Significance of the results
The paper outlines a clear methodology and results for integrating very complex data. The manuscript clearly describes a process used to 1) understand the impacts of the lack of interoperability and the difficulties in integrating data, 2) understand and document current data variability as well as different use cases and data use objectives towards maximizing agricultural/livestock outputs, 3) identify appropriate existing standards, 4) use the standards to develop a cohesive model across highly variable datasets, and 5) finally apply the model for standardizing and querying data.
Using a survey, the authors worked with 7 different companies carrying out very different operations, to assess data challenges and needs. A copy of the instrument was included as well as a summary of the results.
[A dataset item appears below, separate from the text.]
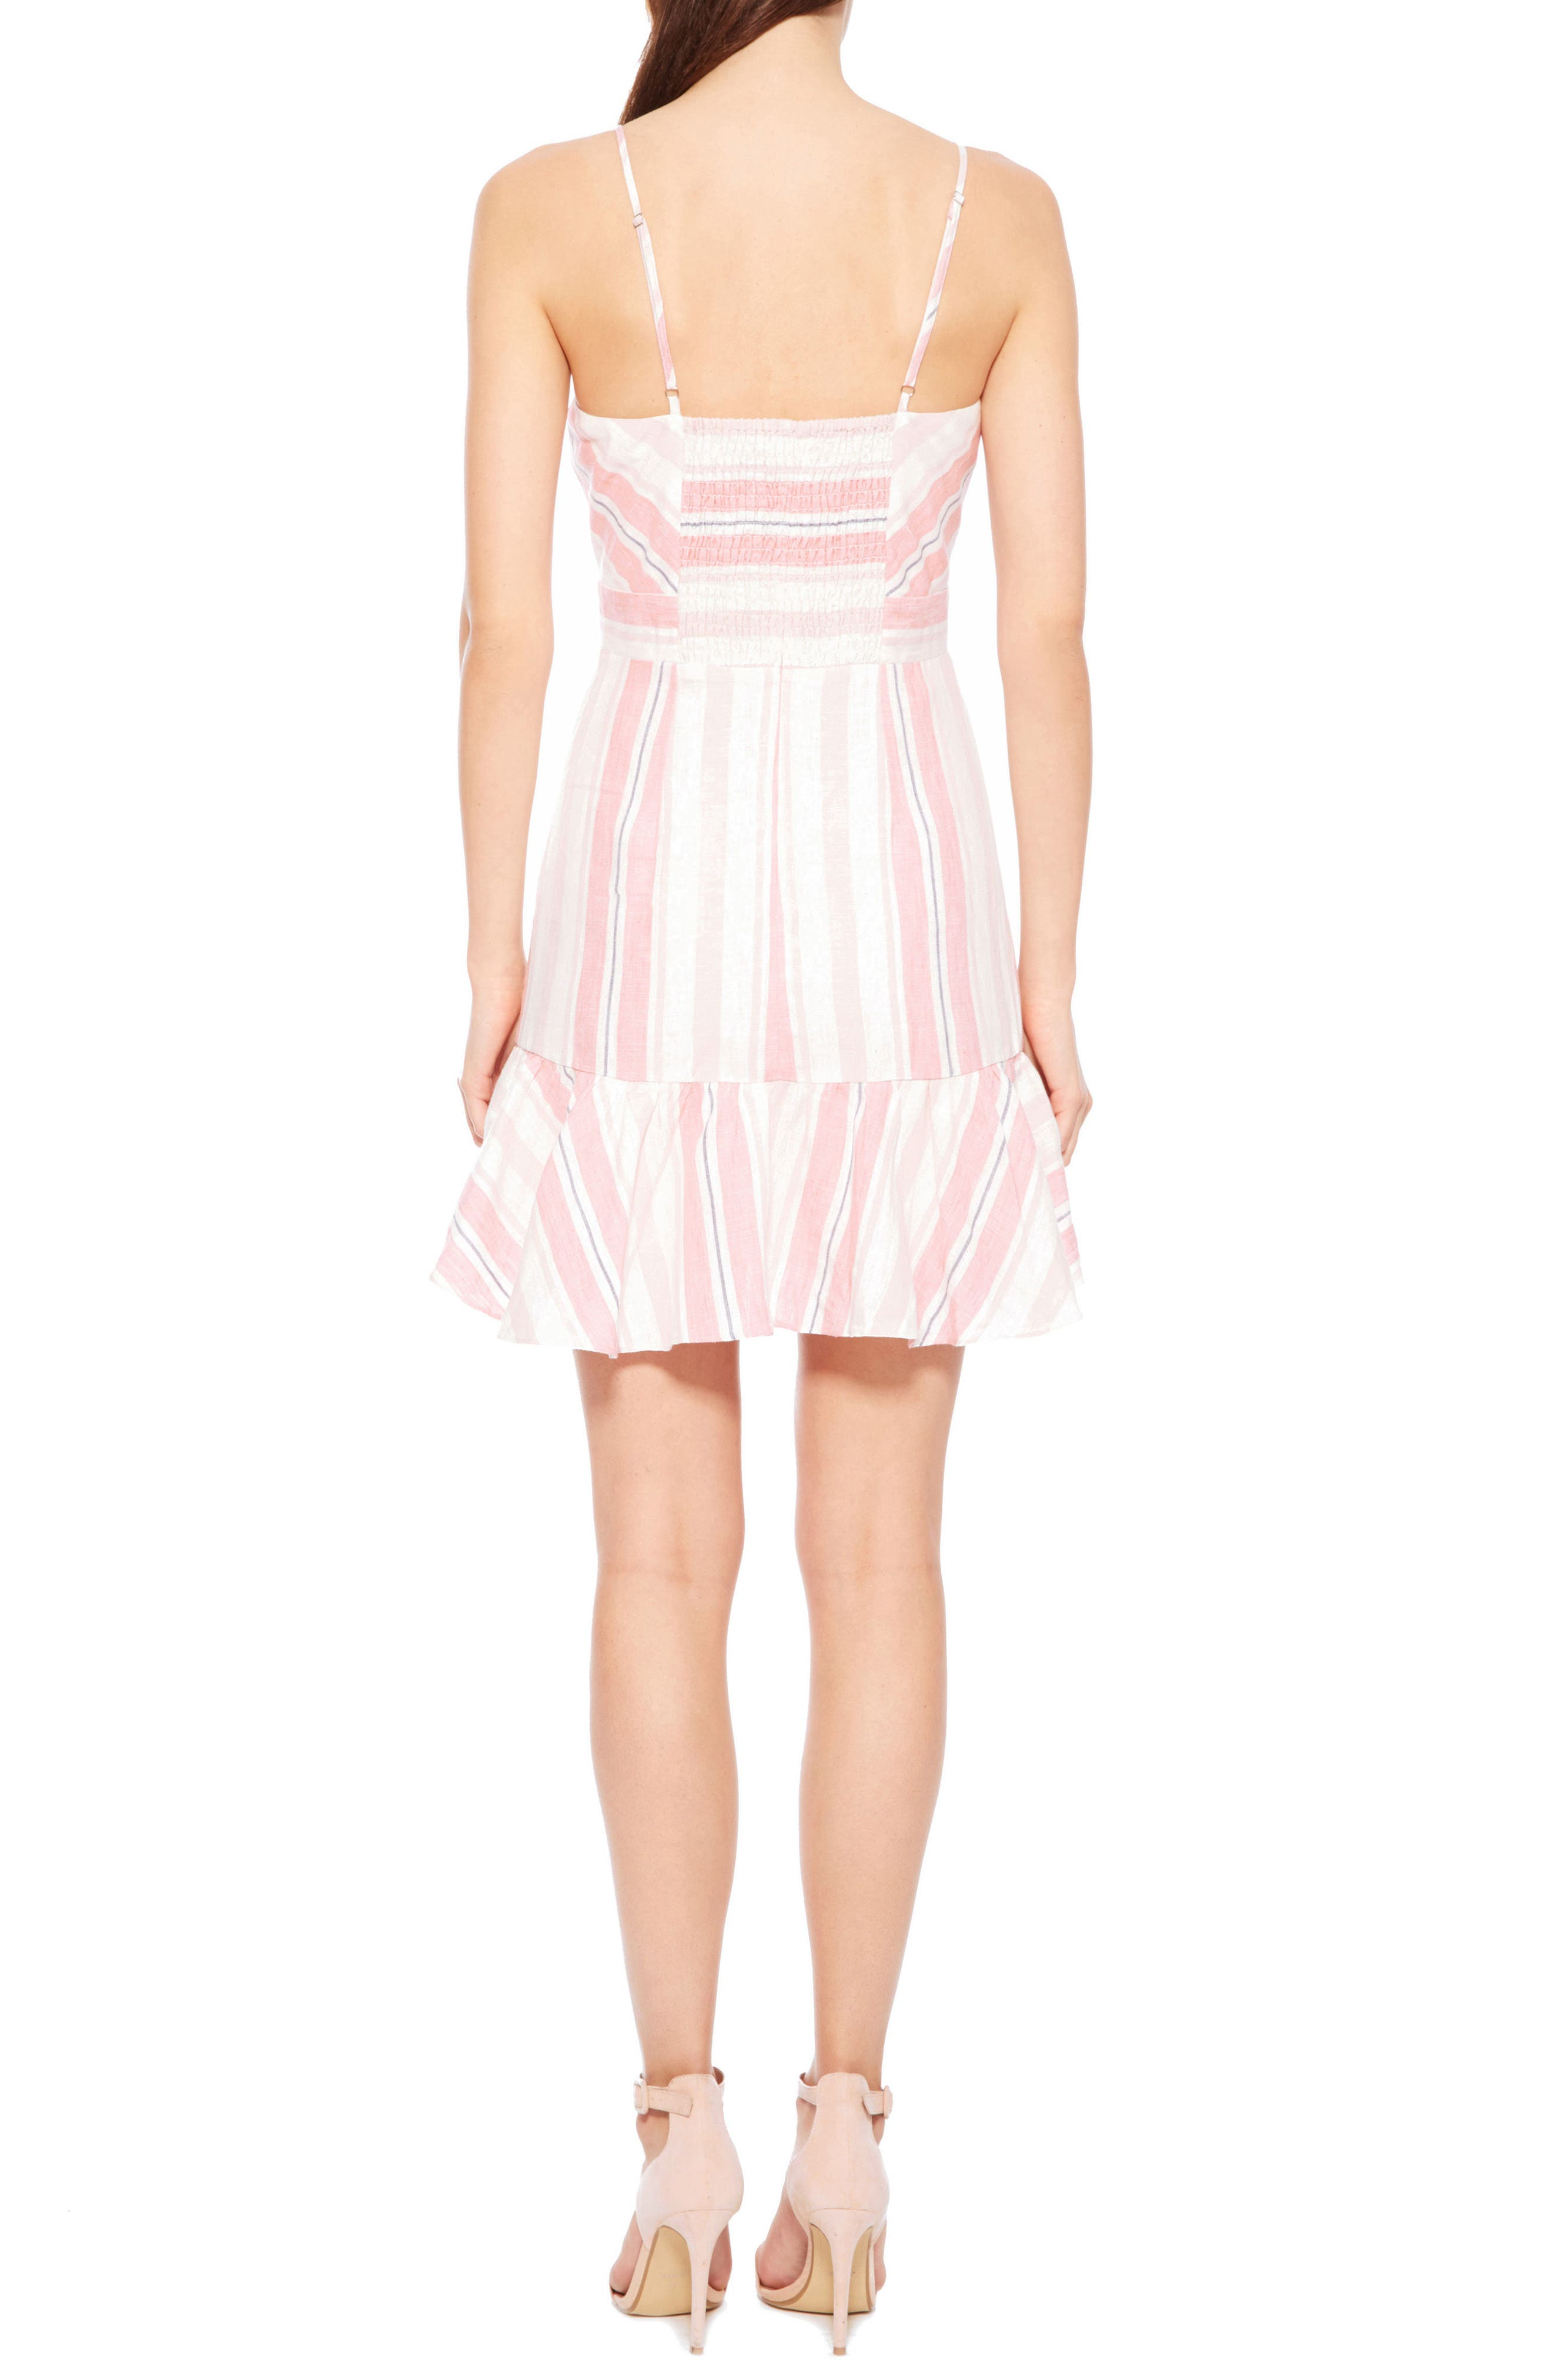 Dany Dress,                             Alternate thumbnail 2, color,                             906

The authors use a combination of standards (e.g. DCAT and QB vocabulary for labelling classes, as well as thesauri such as AGROVOC for standardizing terms) to generate a graphical semantic model based in RDF and OWL. Competency criteria were provided, as were 10 clear examples of implementation and SPARQL queries, illustrating how the model could be used to standardize very complex data and help to generate knowledge. I also liked the suggested explicit statement of datasets conforming to a particular data standard (to help make data FAIR).
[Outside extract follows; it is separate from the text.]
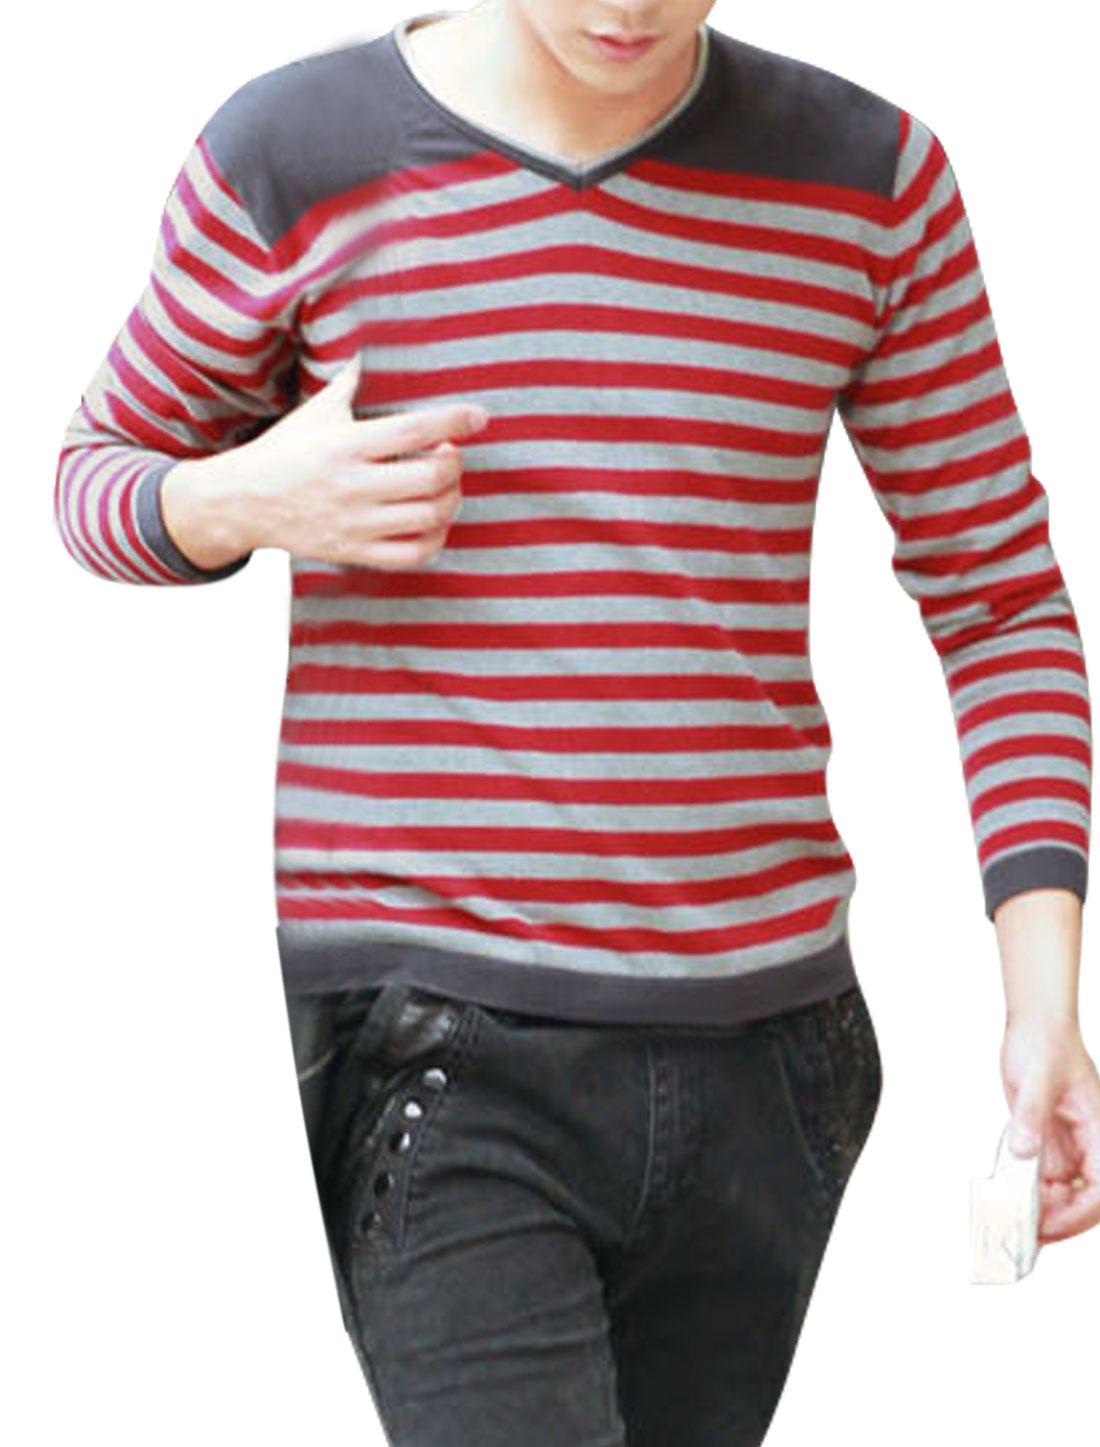 Men V Neckline Design Long Sleeve Casual Knitted Shirt Red Gray M

Both the methodology and the results are compelling.
I have a few questions/suggestions.
1. The authors evaluated and mention a number of pertinent ontologies and thesauri including the EOL, which is an OBO Foundry Library ontology. It seems like there are a number of other OBO Foundry ontologies that would be pertinent (EnvO, FoodOn, AgrO). Can the authors describe why these were not evaluated/mentioned?
2. As the questionnaires pertain to human data (even though it is just opinions and input and not necessarily sensitive (like health data)), were research ethics protocols followed? Was an institutional research ethics review conducted?
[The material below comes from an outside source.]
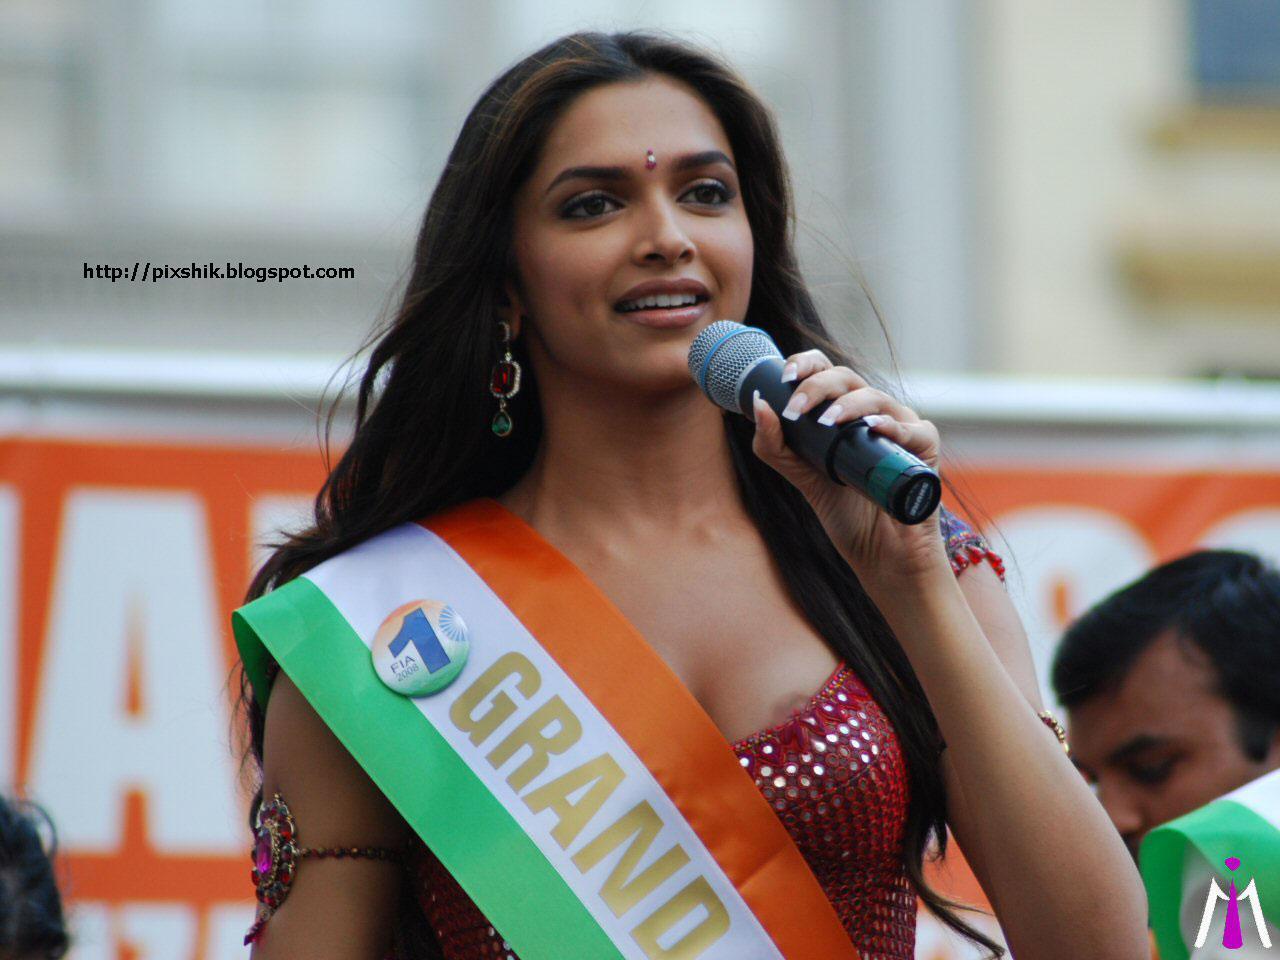 Deepika Padukone Nipple Slip Hot Very Clear Visible

3. The examples illustrated how specific data could fit the model. Could the authors mention areas of weakness in the model? What kinds of data have you encountered that does not fit? Is there future work planned to tackle these areas?
4. Can the authors provide some examples of how the model helps to harmonize datasets across use cases or data providers e.g. pig data from different farms using different data collection instruments and/or devices? So we can see the “starting material” and harmonized end products?
5. The authors use fields like “weight” to capture the measured mass of animals, but they also note that there could be differences in precision of that measurement which depend on the instrumentation used. Do the authors have fields to address differences in precision (e.g. “measurement precision value”)?
Quality of writing
The manuscript is written very well, and is an excellent example of a systematic approach to developing semantic models. To my mind, everything is there. The process and decisions made are well documented, the use cases and partnerships and real world implementation are presented. There is good technical documentation. Overall, I enjoyed reading this work very much, and support its publication with some very minor revisions.
Spelling mistakes:
Line 39, p 3, “reasearch”
Line 42/43, p 8, “requiremears”
Lines 36/37, p 9, “fata fusion”
Line 50, p 16, “transorm”
Long-term stable URL for resources
The link to their permanent repository is given on the second page of the article, which directs readers to the semantic model’s stable resource page where one can find the license, terms and definitions, PURLS, curation status, JSON schema, OWL file, and other information. The repository is not GitHub, Figshare or Zenodo, so its discoverability may be reduced. It is maintained by the Open Geospatial Consortium who are supporting the development of this data standard as part of the EU H2020. It doesn’t have a README file per se, but I think there is sufficient documentation - although I could not find any of the data mapping examples which might be nice to include there.
|